My sweet, sweet girl,
You are now five. You have talked about this age for so long and it's finally here. "When I am five, I will listen," "when I am five, I can ride a scooter," "we can go to Disney World when I am five," "I'll go to big school when I am five." You have a list of things you say you won't ask to do once you're five (ask for help after going potty or washing your hands, drinking milk out of a silicone cup in the morning) that I anticipate aren't actually stopping anytime soon.
Five is hard.
Every parent I have talked to has agreed that the transition from four to five is a tough one for parents. You still seem so little but now there are so many more expectations that other people have. Previously if you were at the store doing something childlike, such as running or whining, when people ask how old you are, they seemed sympathetic "ah, four. she's still little." Five just seems like a significant jump. Now you are school aged. Man. That feels like a punch in the gut, sweet pea.
You are growing and your personality is so apparent every day. You can still be slow to warm up to people and new situations but once you are comfortable, you just love to entertain. You tell stories and update us on all the things you are learning or experiencing. You love the theatrical build up of telling us something new. "Hey mom, you know what happened today? [dramatic pause] Someone pooped on the porch at school!! [peals of laughter]" Oh yes, potty humor is particularly hysterical. "Mommy, [friend] stopped the toilet today and Ms.
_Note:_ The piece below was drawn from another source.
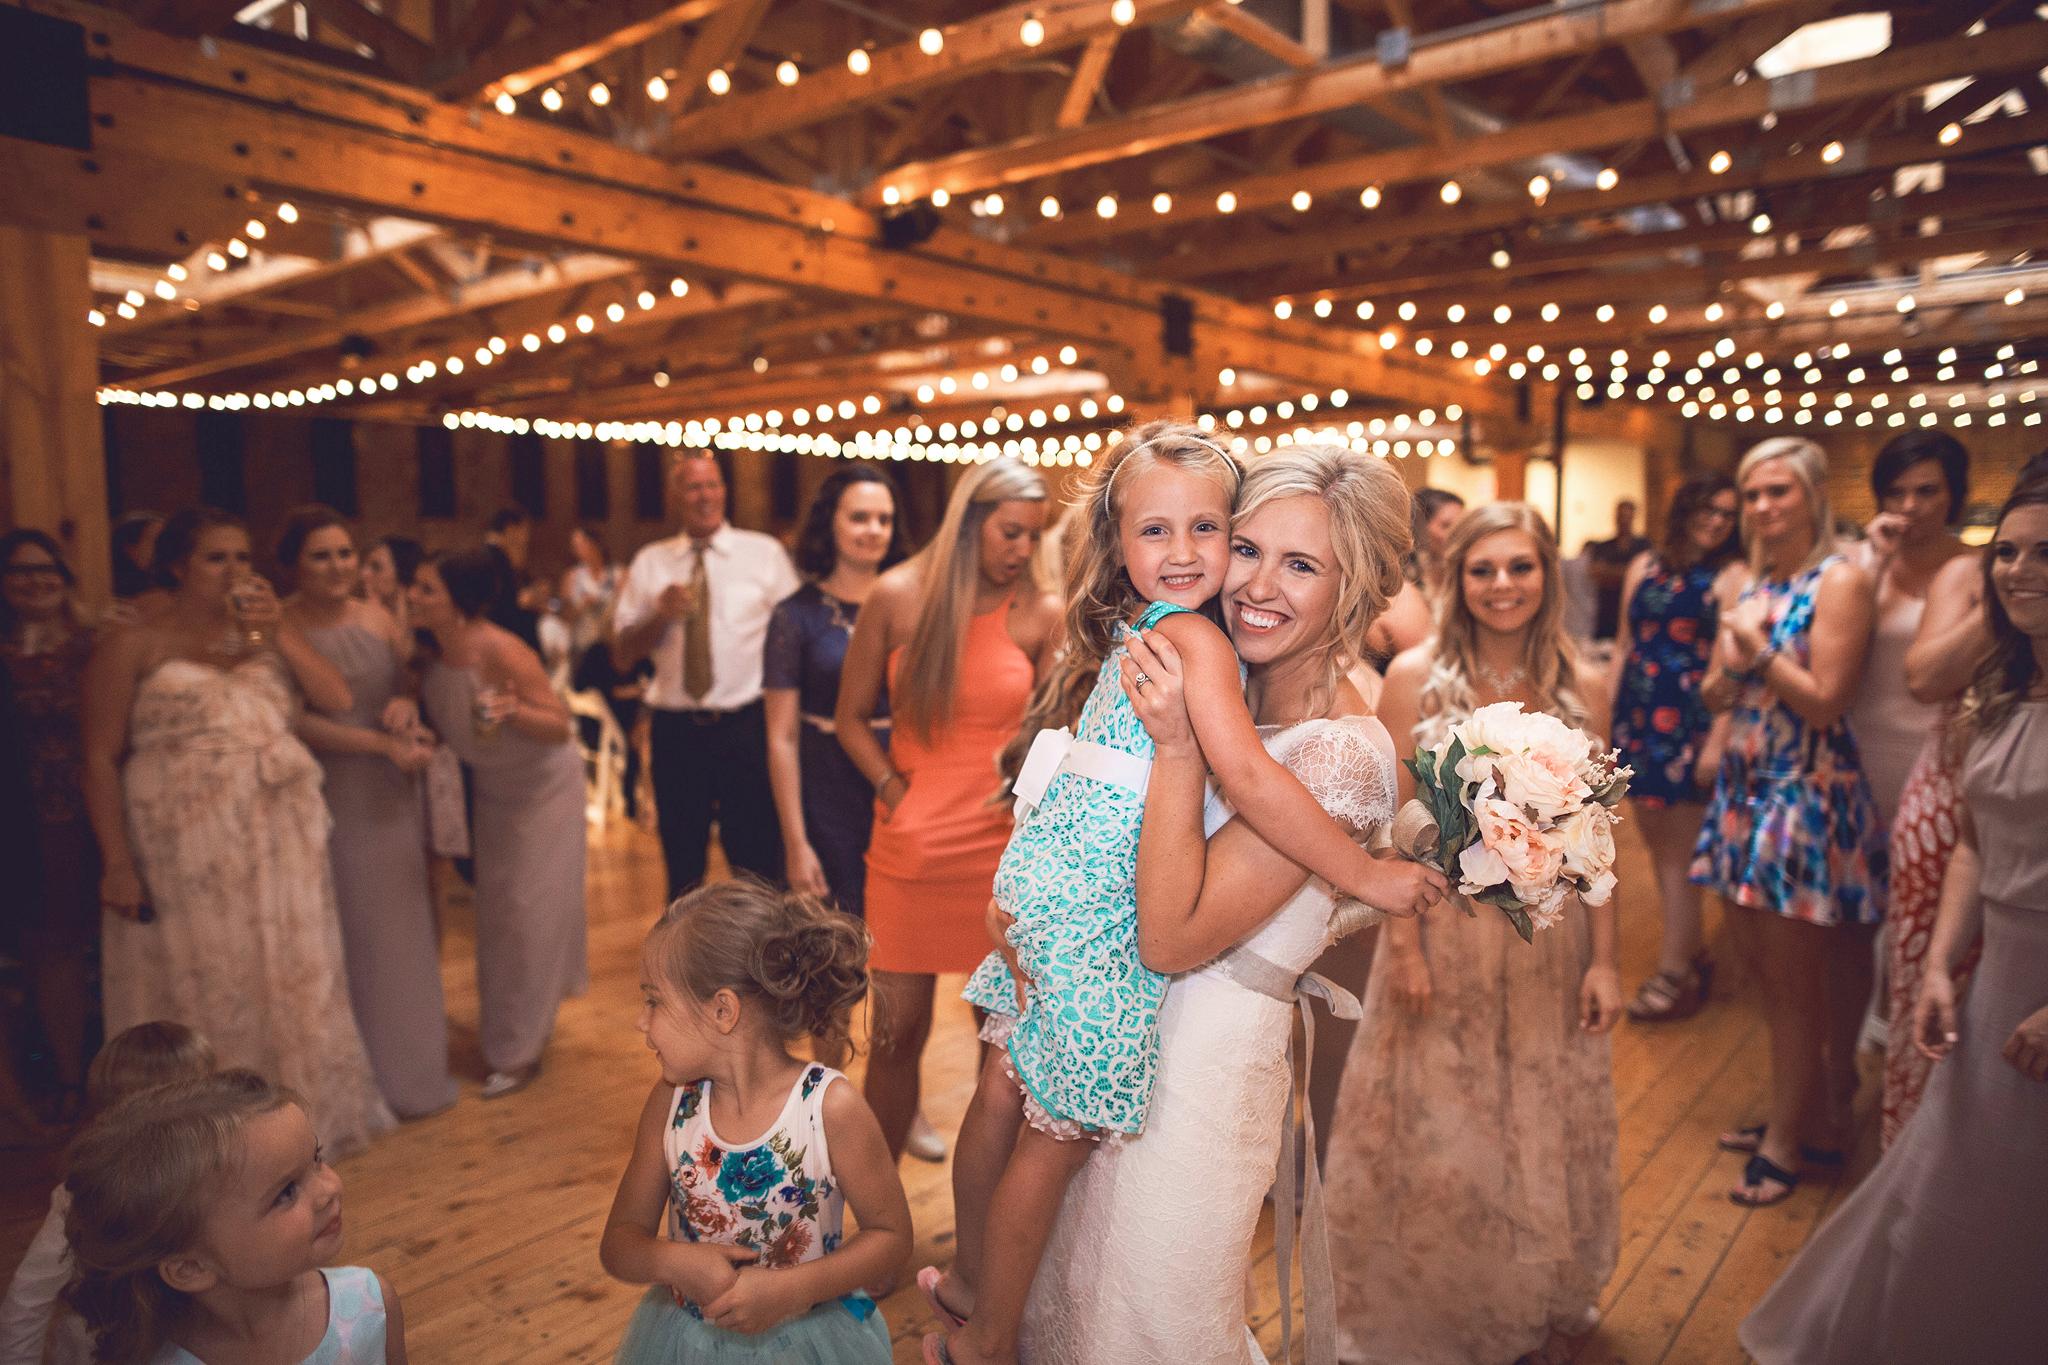 Cincinnati-Dayton-OH-Traveling-Wedding-Photographer-Rhinegeist-Brewery-Ault-Park-21C-159.jpg

A had to put gloves on and stick her hand in there!!"
You love fiercely. We love that you continue to give giant hugs with tight squeezes. You love to be picked up. You love to be held. You love to cuddle. Please don't change that. You love your friends and you seem to really be internalizing all of the messages you hear at home and at school about being kind and being a good friend. I am so thankful for this. That said, you do occasionally get in tuffles with your friends, surprising me when you tell me that a friend pushed you into the picnic table and when I ask why, you sheepishly admit that you pushed her because she was in your space and wouldn't stop playing with you, despite your request to play with someone else.
Some days, you enjoy playing by yourself for hours. Even at school or at birthday parties, I will catch you off to yourself playing. However, sometimes you don't want to be left alone even long enough for me to let the dog out or wash my hands. You love reading and you are pretty obsessed with writing letters. We certainly don't push writing at all and we know that all kids have their strengths. Writing is yours--we think your handwriting might have already surpassed your daddy's. It's been awhile since you mastered writing the alphabet (though, of course, you still write a fair number of your letters backward) and you quickly moved into writing "bubble" letters and then trying your hand at writing "fancy". This year, you insisted on addressing almost all of your birthday invitations. You even got up early on Saturday, took your class list into the living room, and got to work. I was blown away.
You continue to love asking questions and doing experiments. Sometimes you ask unsurprising questions we know the answer to (why is it raining?), questions about movies that are hard to describe (why does Gaston stab the beast? why is the beast mean?), and sometimes you ask things completely out of the blue (where does the Grinch live? why do astronauts keep their helmets on in space). Your memory is also so very fun to watch and experience. It is surprising and wonderful! We use it as a helpful tool sometimes but also suspect that it will sometimes lead to our frustration.
You're currently doing ballet and gymnastics (dance/tumbling combo). You seem a bit tired of ballet but are very excited for your recital next month.
Last but not least, by the time I write your next letter, you will have started kindergarten. I just don't even understand how this is happening. The days are long and the years are short. So so short. Slow down, baby. Help us to remember. We know we will never enjoy every moment but I sure hope we have lots of happy moments and recognize when they are happening.